---------- MATERIAL FOR THIS EXERCISE
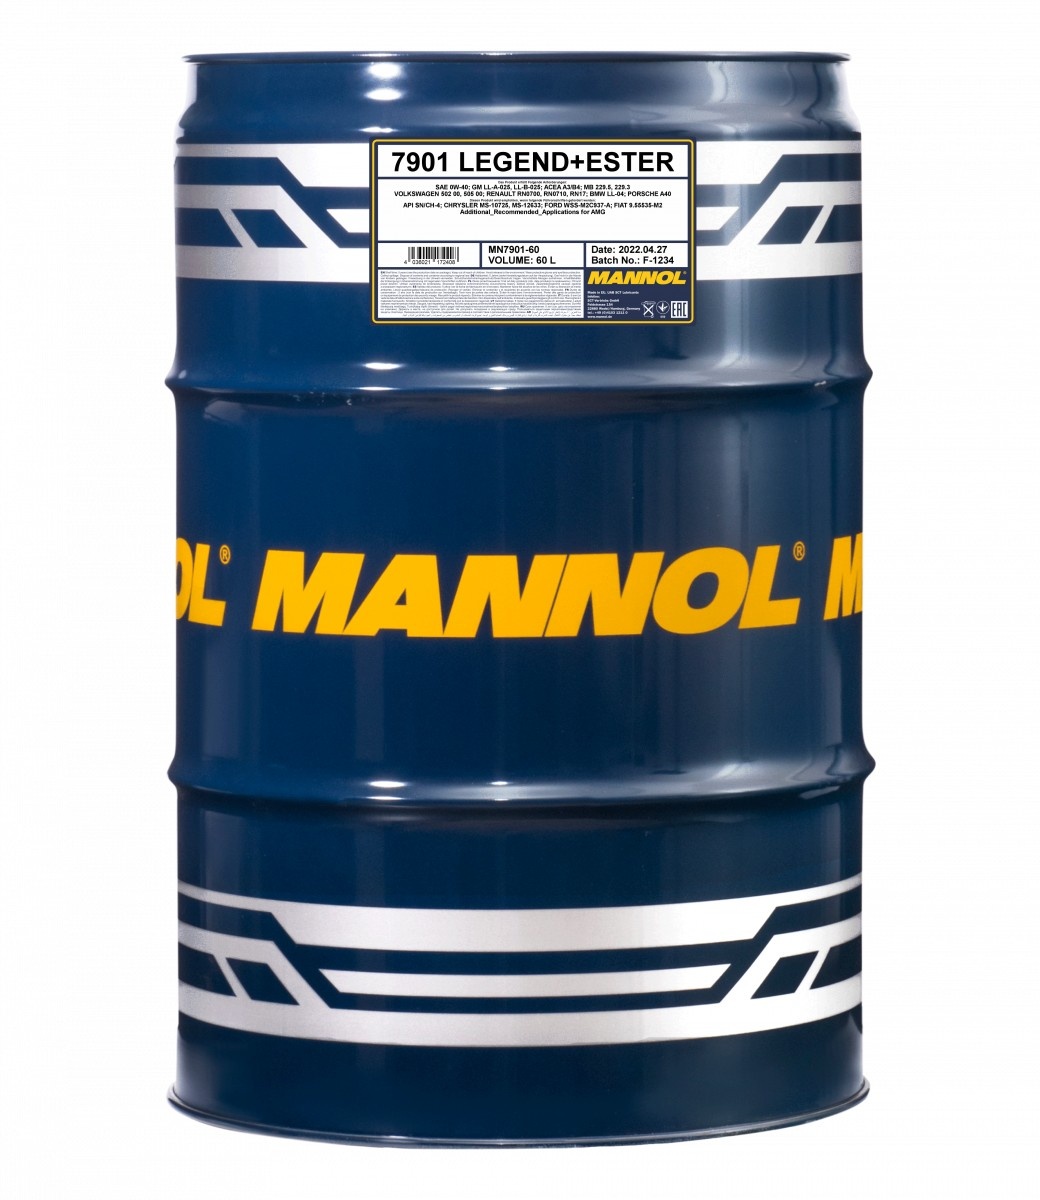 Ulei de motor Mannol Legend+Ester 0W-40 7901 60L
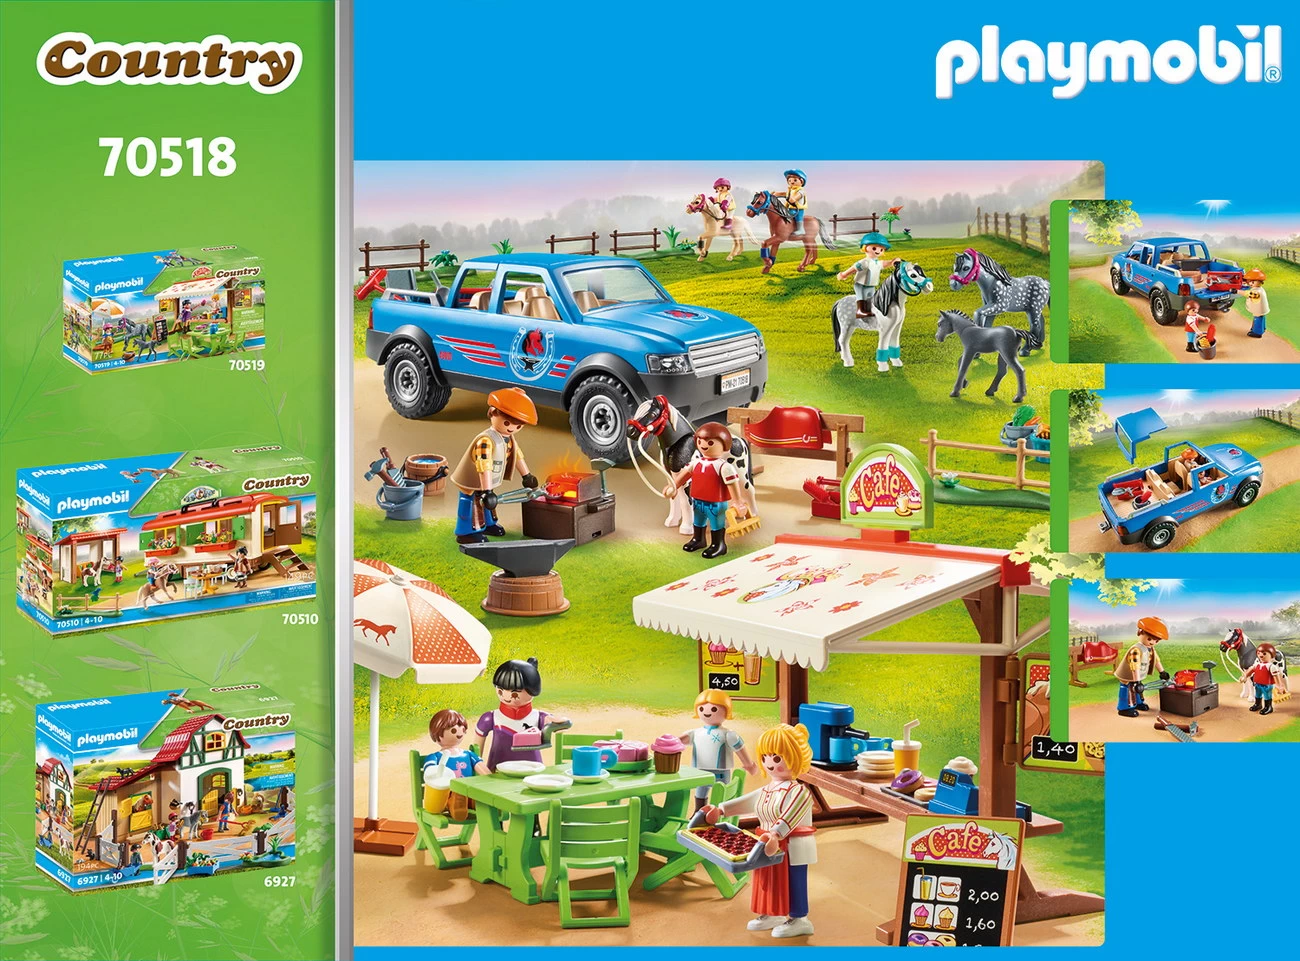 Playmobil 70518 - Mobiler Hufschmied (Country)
--------------------
---------- MATERIAL FOR THIS EXERCISE
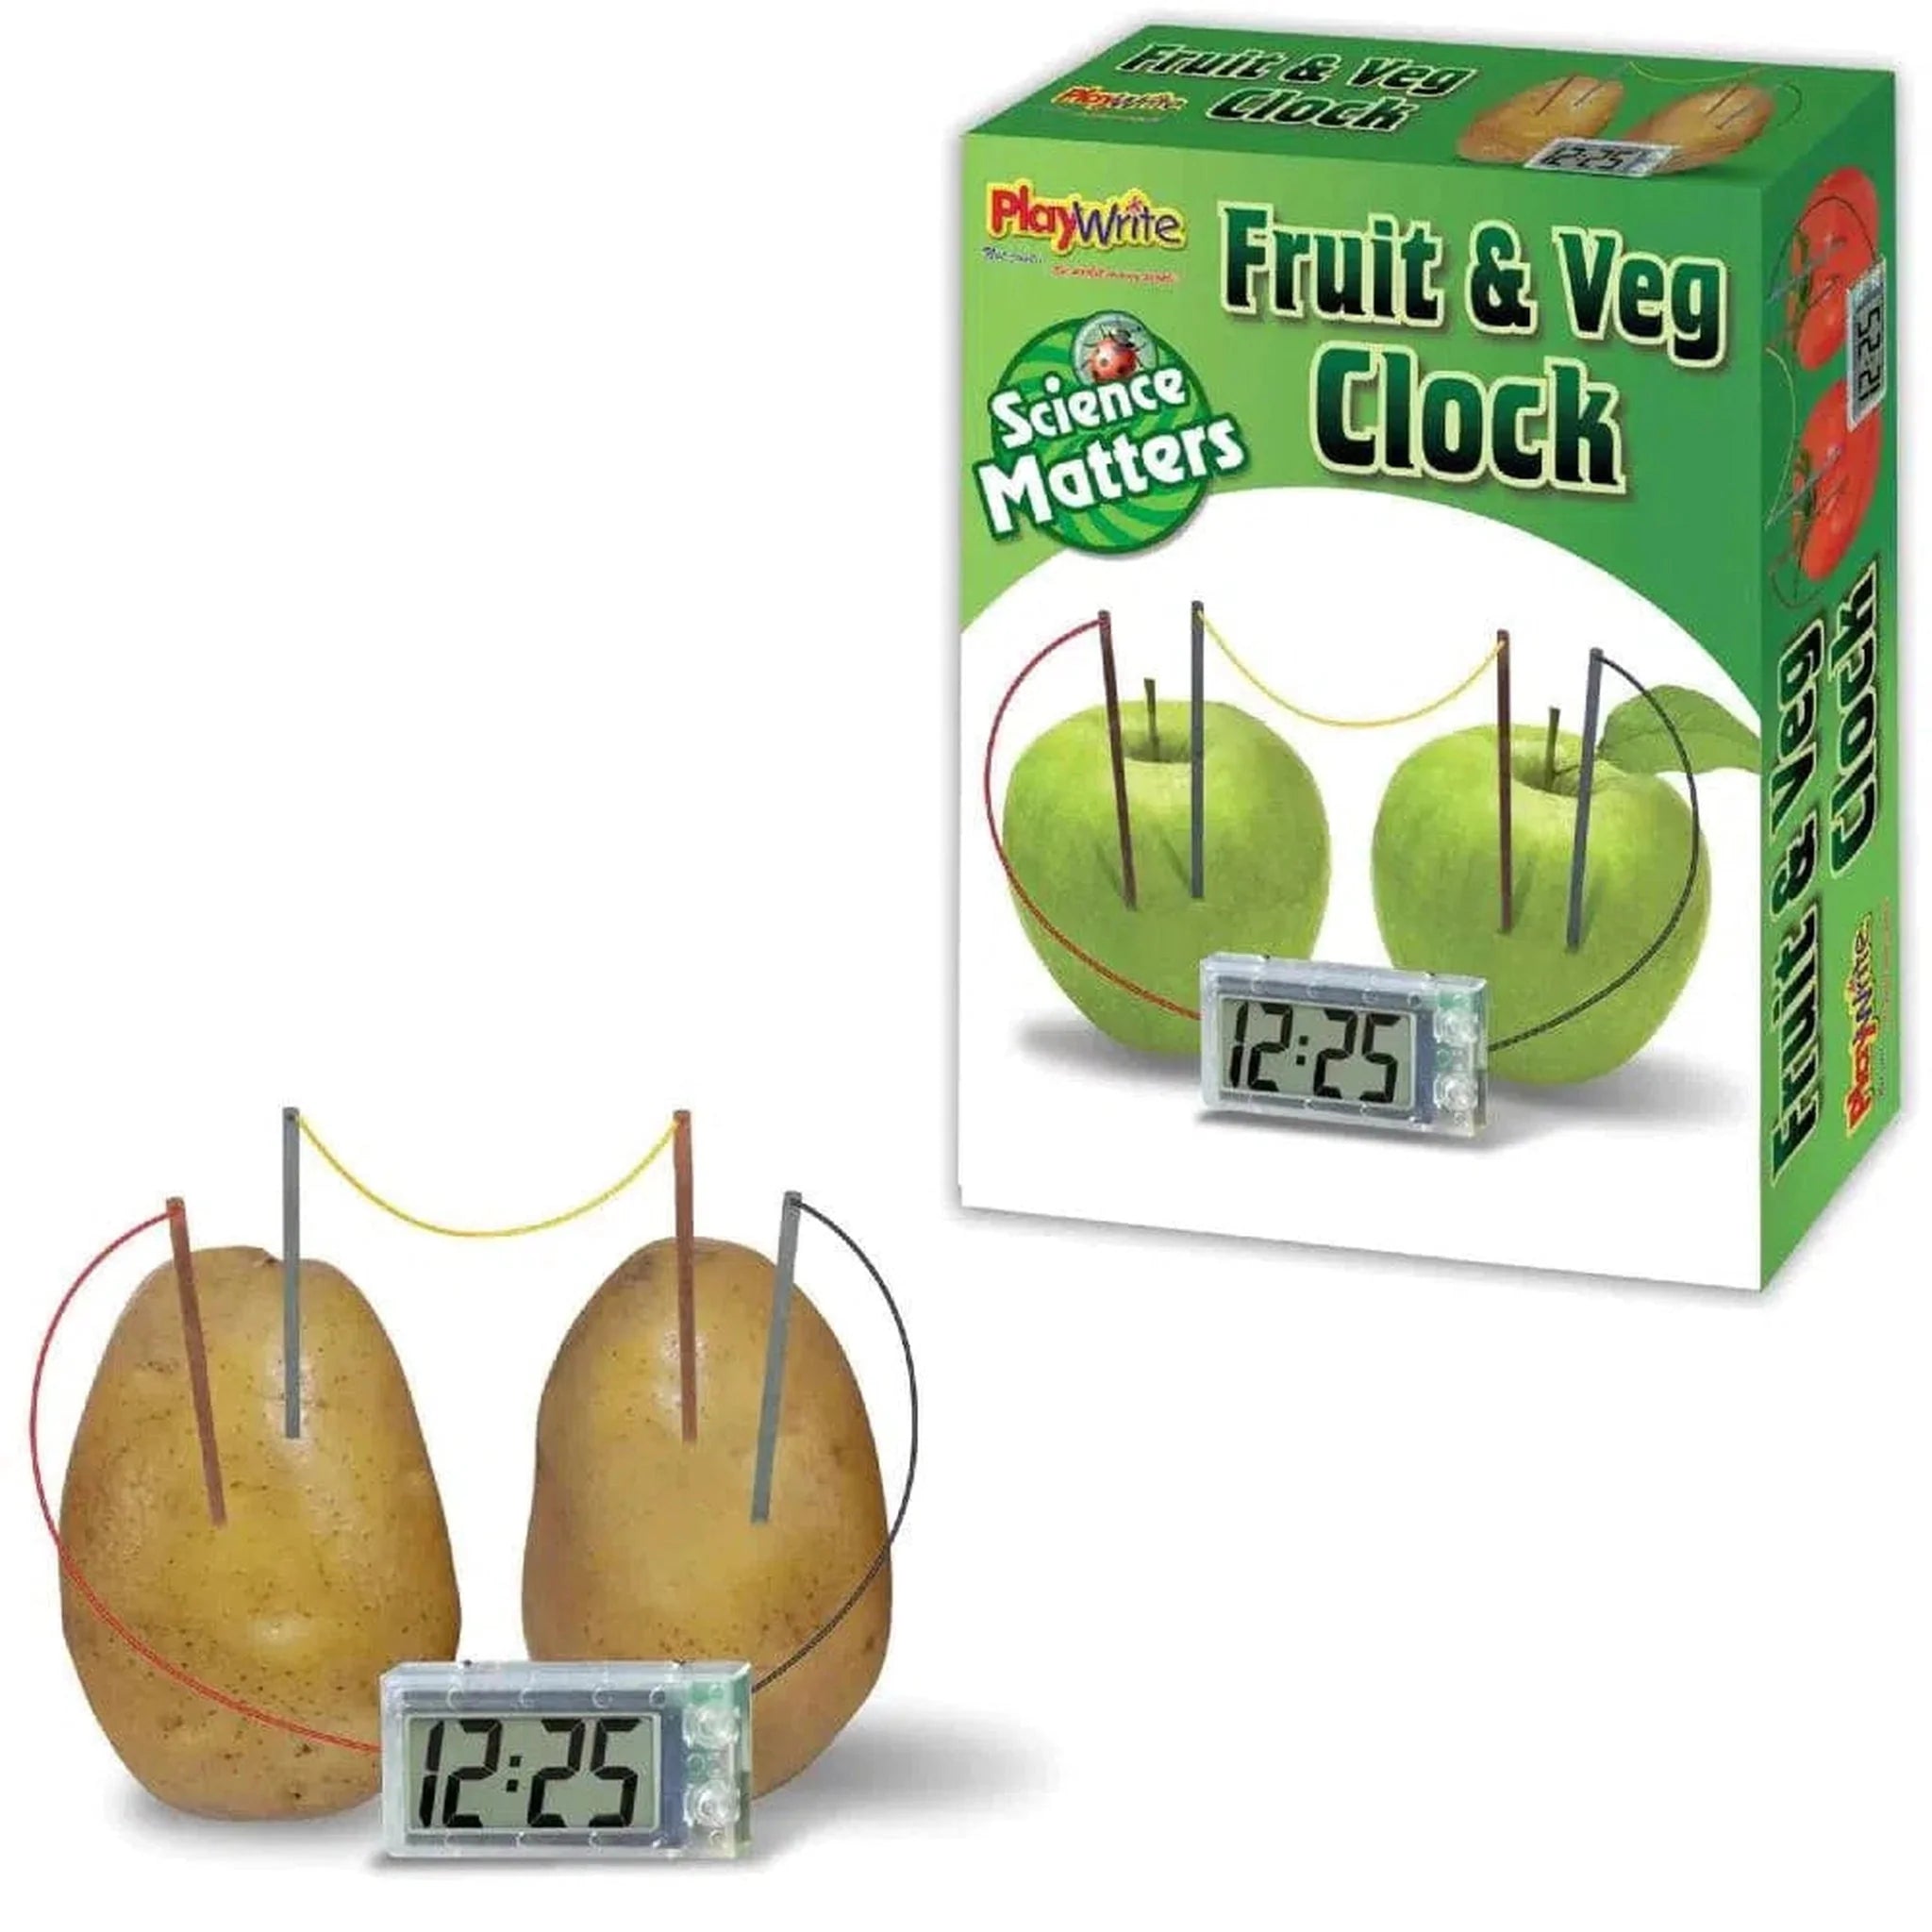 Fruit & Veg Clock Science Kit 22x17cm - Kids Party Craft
--------------------
» EXERCISE DESCRIPTION
Starting at the line containing "Ulei de motor" and stopping at the line containing "Playmobil 70518 - Mobiler", output every line above exactly, both ends included, with pictures omitted.

» ANSWER TO THIS TASK
 Ulei de motor Mannol Legend+Ester 0W-40 7901 60L
 Playmobil 70518 - Mobiler Hufschmied (Country)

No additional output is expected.